The thelytokous race reproduces by automixis. Diploidy is restored by central fusion and crossing-over during meiosis is prevented by overlapping chromosome inversions, which are also polymorphic among clones. Hence, the offspring of a fly will be genetically identical to each other and to their mother, barring mutation, chromosomal nondisjunction and rare doublecrossovers inside inversion loops (Stalker, 1956; Asher, 1970; Ochman et al, 1980). In Sweden, the flies are generally found on cultivated grassland or lawns and are active from March until October. The number of generations is usually two, with progeny from overwintering flies emerging in midsummer and producing a second generation which then overwinters as adults or larvae (Coulson and Butterfield, 1982). In the lab at 20°C, egg to adult development time is about 40 days and the adult lifespan is about 75 days (Baud, 1973).

Sampling

Four localities in the south of Sweden (province of Scania) were periodically sampled in the periods from 1981 to 1983 and 1986 to 1988 (Figure 1).

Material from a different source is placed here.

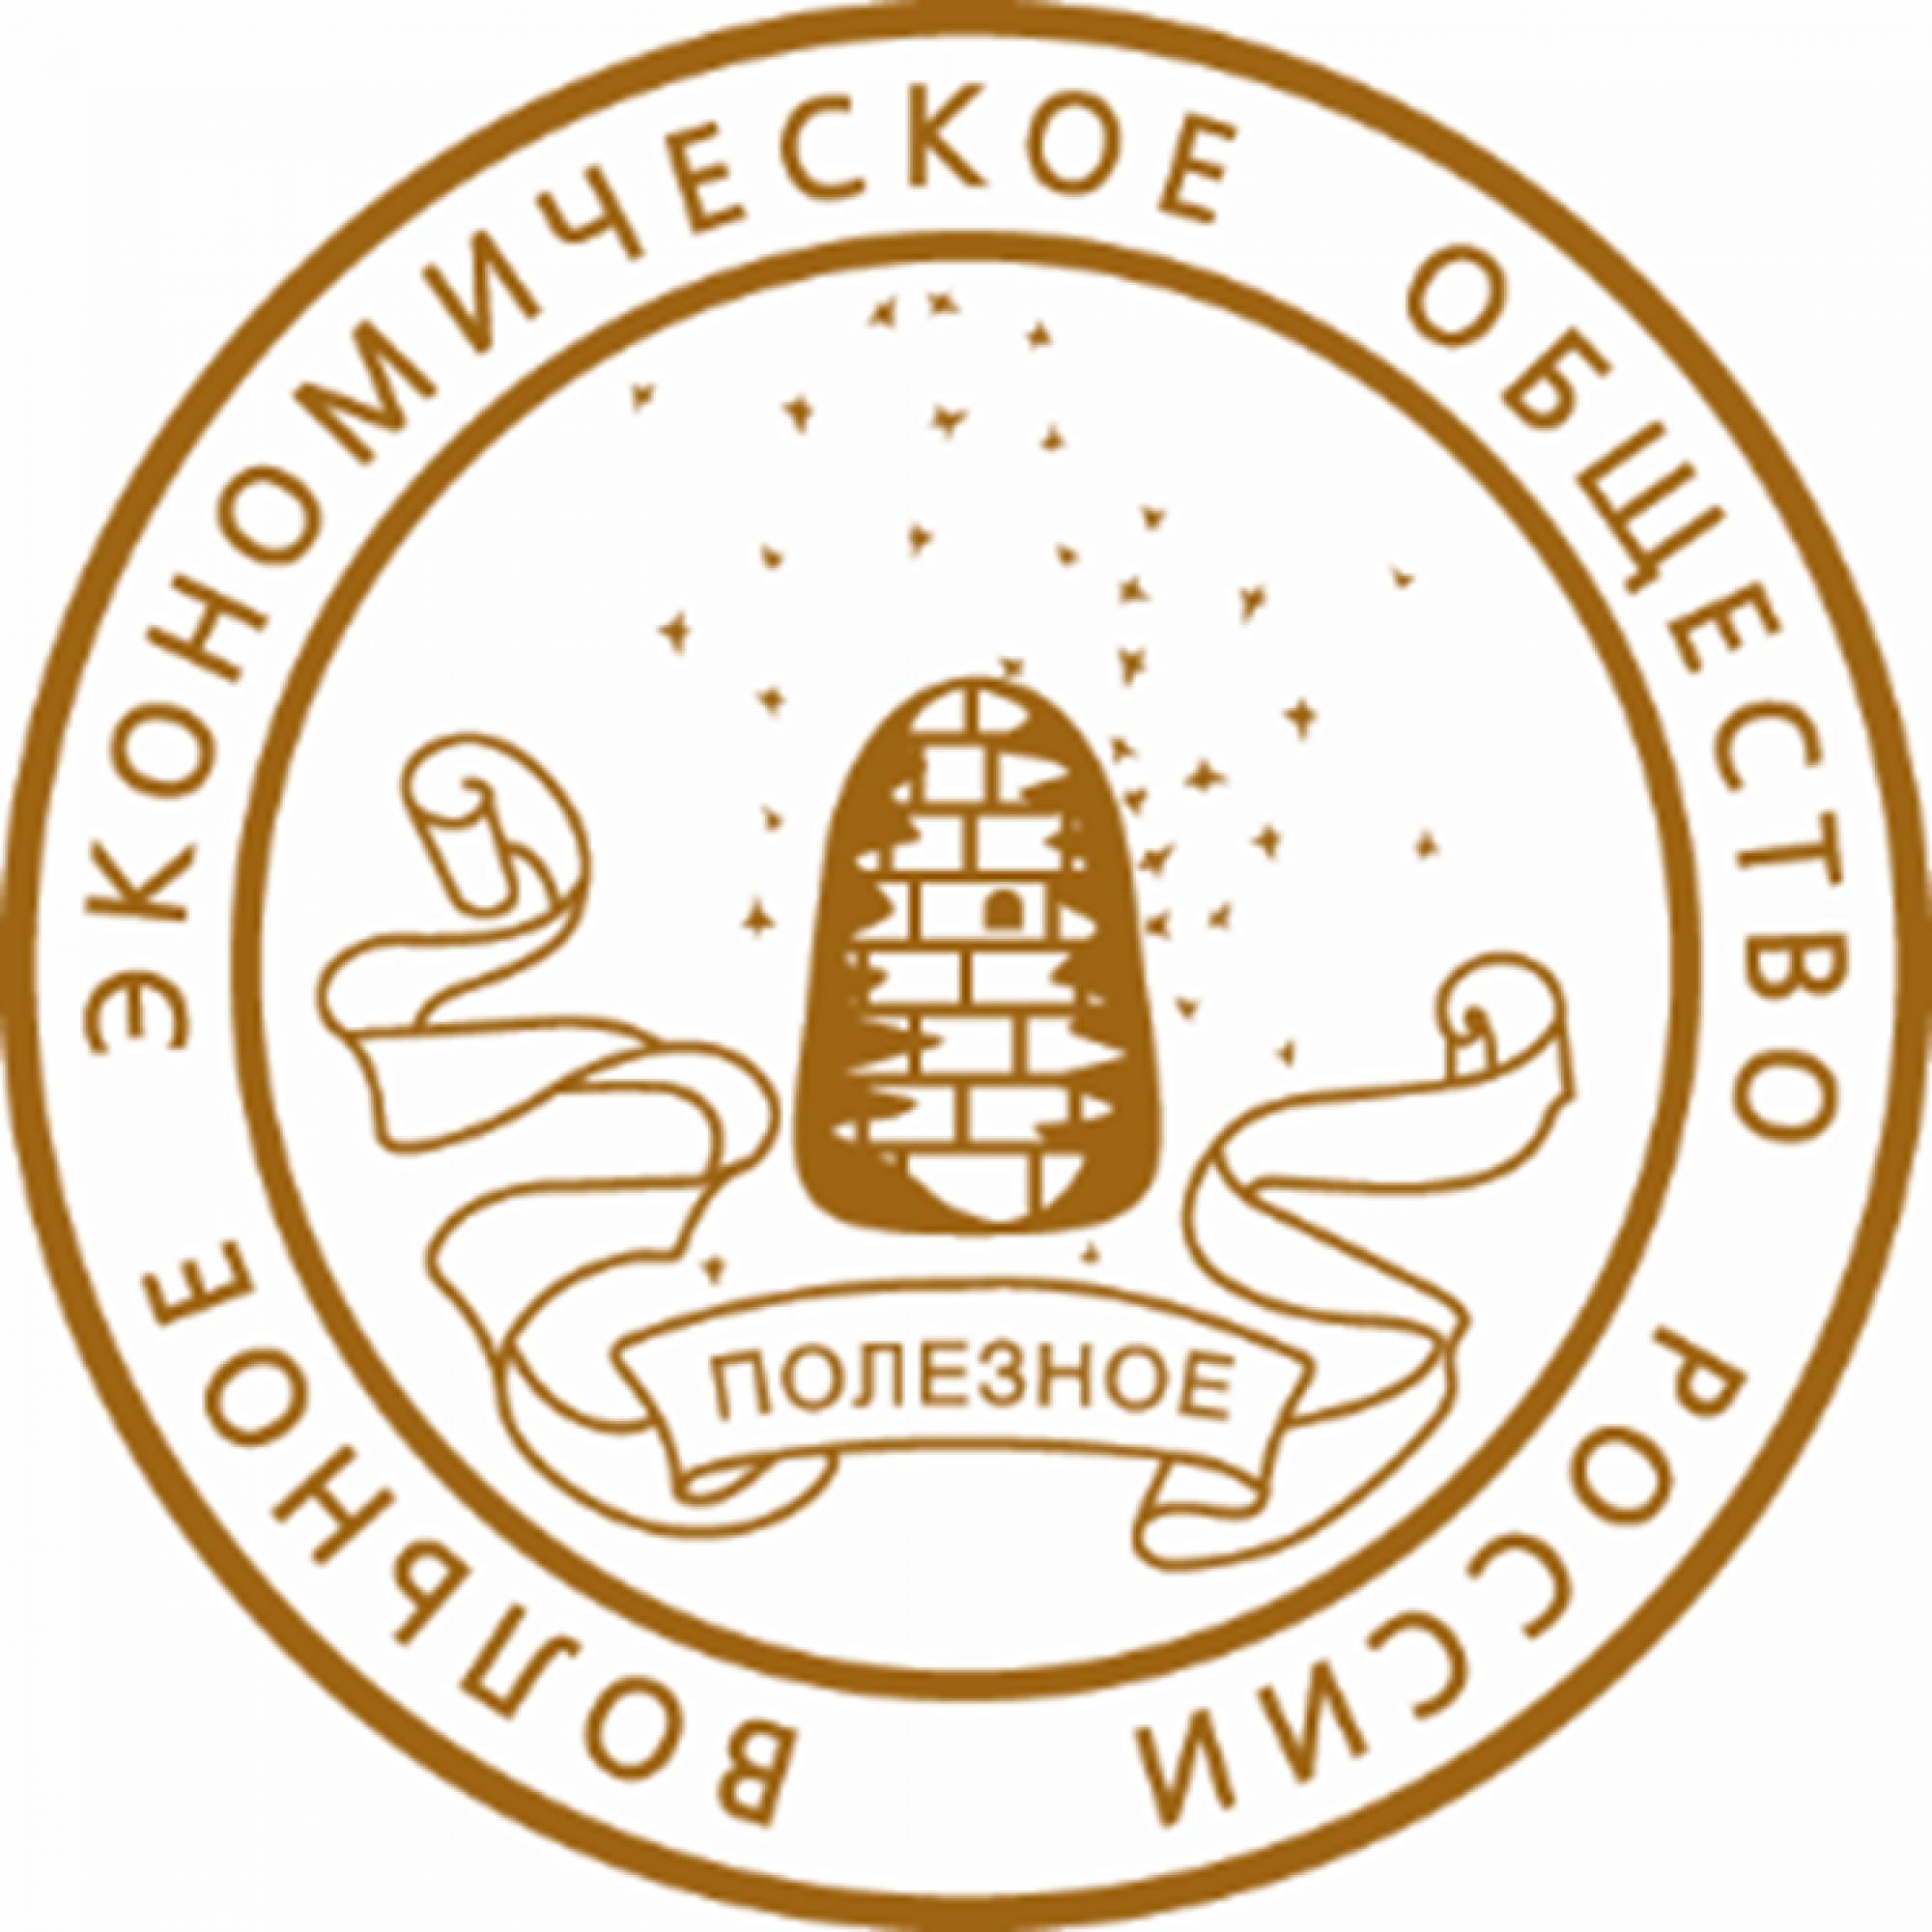 Единое экономическое общество. Вольное экономическое общество (ВЭО). Эмблема вольного экономического общества. Логотип ВЭО России. Волна экономическое общемтво.

Locality 1, Barkåkra, is a grass lawn at the airport, ca 4 km from the west coast (Øresund). The lawn is mowed frequently and is surrounded by dry meadows, fields and asphalt surfaces. Locality 2, Ljungbyhed, is the verge of a football field just outside the village, 34 km from the west coast. The verge is mowed at irregular intervals and is surrounded by the football field, arable fields and pastures. Locality 3, Stenshuvud, is a pasture, sometimes used as a parking lot and 2 km from the east coast (Baltic Sea) and surrounded by woods and other pastures. It is never mowed. Locality 4, Smygehamn, is a public lawn in the harbor, ca 0.2 km from the south coast (Baltic Sea) and surrounded by fields and pastures. It is mowed frequently in the summer.

Figure 1
figure 1

Map showing the province of Scania in southern Sweden and the four populations sampled in this study. Locality 1 – Barkåkra (longitude: 012°51′18″E, latitude: 56°17′28″N); locality 2 – Ljungbyhed (longitude: 13°13′00″E, latitude: 56°04′00″N); locality 3 – Stenshuvud (longitude: 014°17′00″E, latitude: 55°40′00″N; locality 4 – Smygehamn (longitude: 013°23′00″E, latitude: 55°20′46″N). Scale bar for Scania equals 30 km.

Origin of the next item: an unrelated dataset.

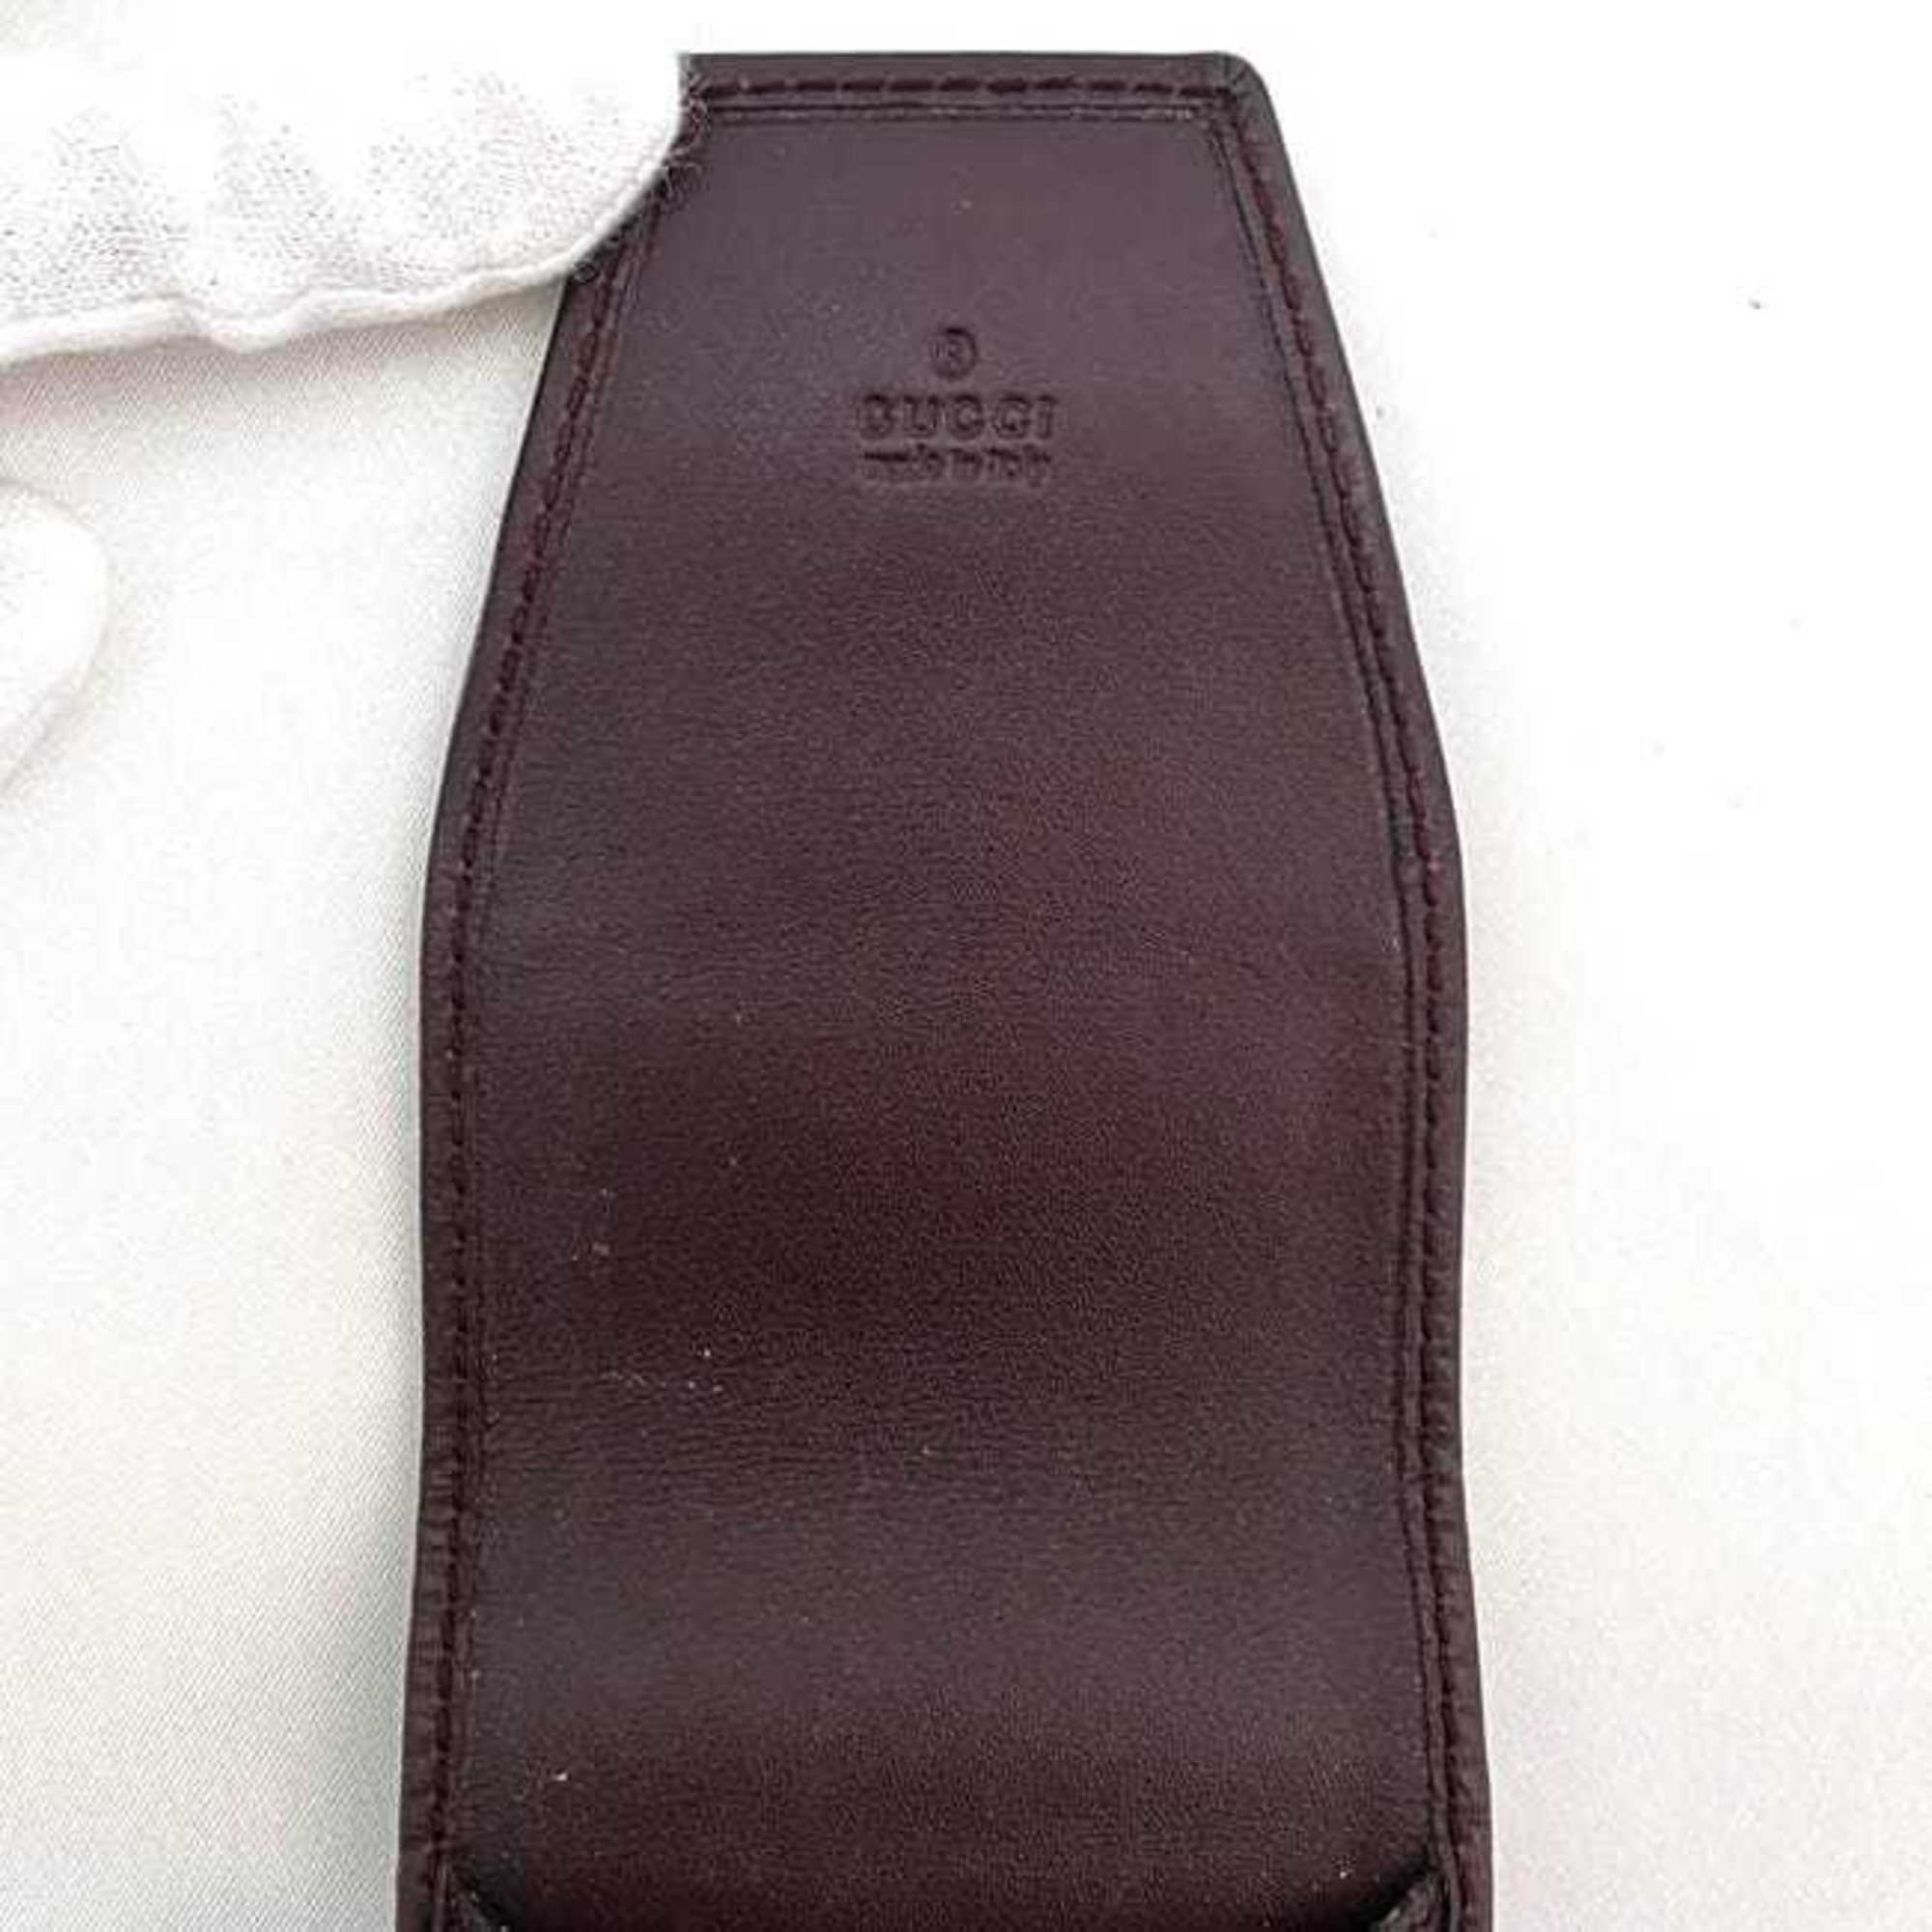 Gucci Cigarette Case Bordeaux Ardoise 181716 ec-20640 Tobacco PVC Leather GUCCI iQOS Compact Men's Women's

Sampling was performed at approximate 1 month intervals during the growing season, beginning in July 1981 to October 1981and April 1982 to October 1982. In 1983, samples were taken only in May, early June (‘spring’ samples for this year, see below) and August (‘autumn’ sample for this year). Sampling was again initiated from April to October 1986, July to October 1987 and May to October 1988. Flies were collected by sweep netting (500 sweeps) through the vegetation over an area of approximately 200 m2. The same limited area at each locality was swept during each collecting trip. All localities were sampled within a few days of each other; however, flies were not collected at all localities during each trip due to inclement weather conditions. The data are therefore too unbalanced for a monthly or bimonthly comparison of each locality.

In order to contrast the four localities in a uniform way, we pooled all flies collected prior to 22 June in a particular year and locality as ‘Spring’ collections and all flies collected after this date as ‘Autumn’ collections. This simplification reflects the bivoltine reproductive cycle in this species in Sweden and allows us to contrast between five and seven seasonal transitions in clonal frequencies for each population (see Appendix B, below). Also, this pooling of the data has the conservative effect of ‘averaging’ spring vs autumn samples of flies, which should eliminate outlying estimates of clonal diversity or frequency due to special effects of bad weather, such as a lack of flies or small sample sizes. The first flies collected in April are melanized and have worn wings, reflecting their overwintering; by May–early June, lighter flies with complete wings dominate the collections, reflecting the emergence of flies that overwintered as larvae and/or progeny of the earliest active flies.

Electrophoresis

Clonal affiliation was determined by starch gel allozyme electrophoresis using two diagnostic loci, phosphoglucomutase (PGM, EC# 5.4.2.2) and alkaline phosphatase (APH, EC# 3.1.3.1), both monomeric in their phenotypic expression. Initially, 17 protein loci were tested, but most were monomorphic and PGM and APH together accounted for over 95% of the detected clonal variants (Niklasson, 1995). There were three PGM phenotypes, scored as MS, SS and MM, for the mobilities of two different gene products (alleles) present in these diploid thelytokes. APH revealed phenotypes consistent with different combinations of two of three different alleles, and five different clonal phenotypes were recognized, FF, FM, MM, MS and SS. No individuals having APH genotype FS were detected. Combined two-locus genotypes revealed 11 different clonal lineages in our data. A maximum of eight of these was detected in a single population, but only four genotypes were present in all populations. These we designate as clones A–D (see next paragraph, below), in descending order of their overall frequencies. The combined frequency of the remaining seven clones was 0.025 and, if any were present in a sample, their contribution to diversity estimates were pooled (see section below – Statistics and Analysis and Appendix A). Both enzymes were resolved on a discontinuous buffer system with a 0.1 M Tris, 0.005 M citrate gel buffer, pH 8.7, and a 0.3 M Borate tray buffer, pH 8.2 (Poulik, 1957), electrophoresis technique as described by Niklasson (1995) and Ochman et al (1980).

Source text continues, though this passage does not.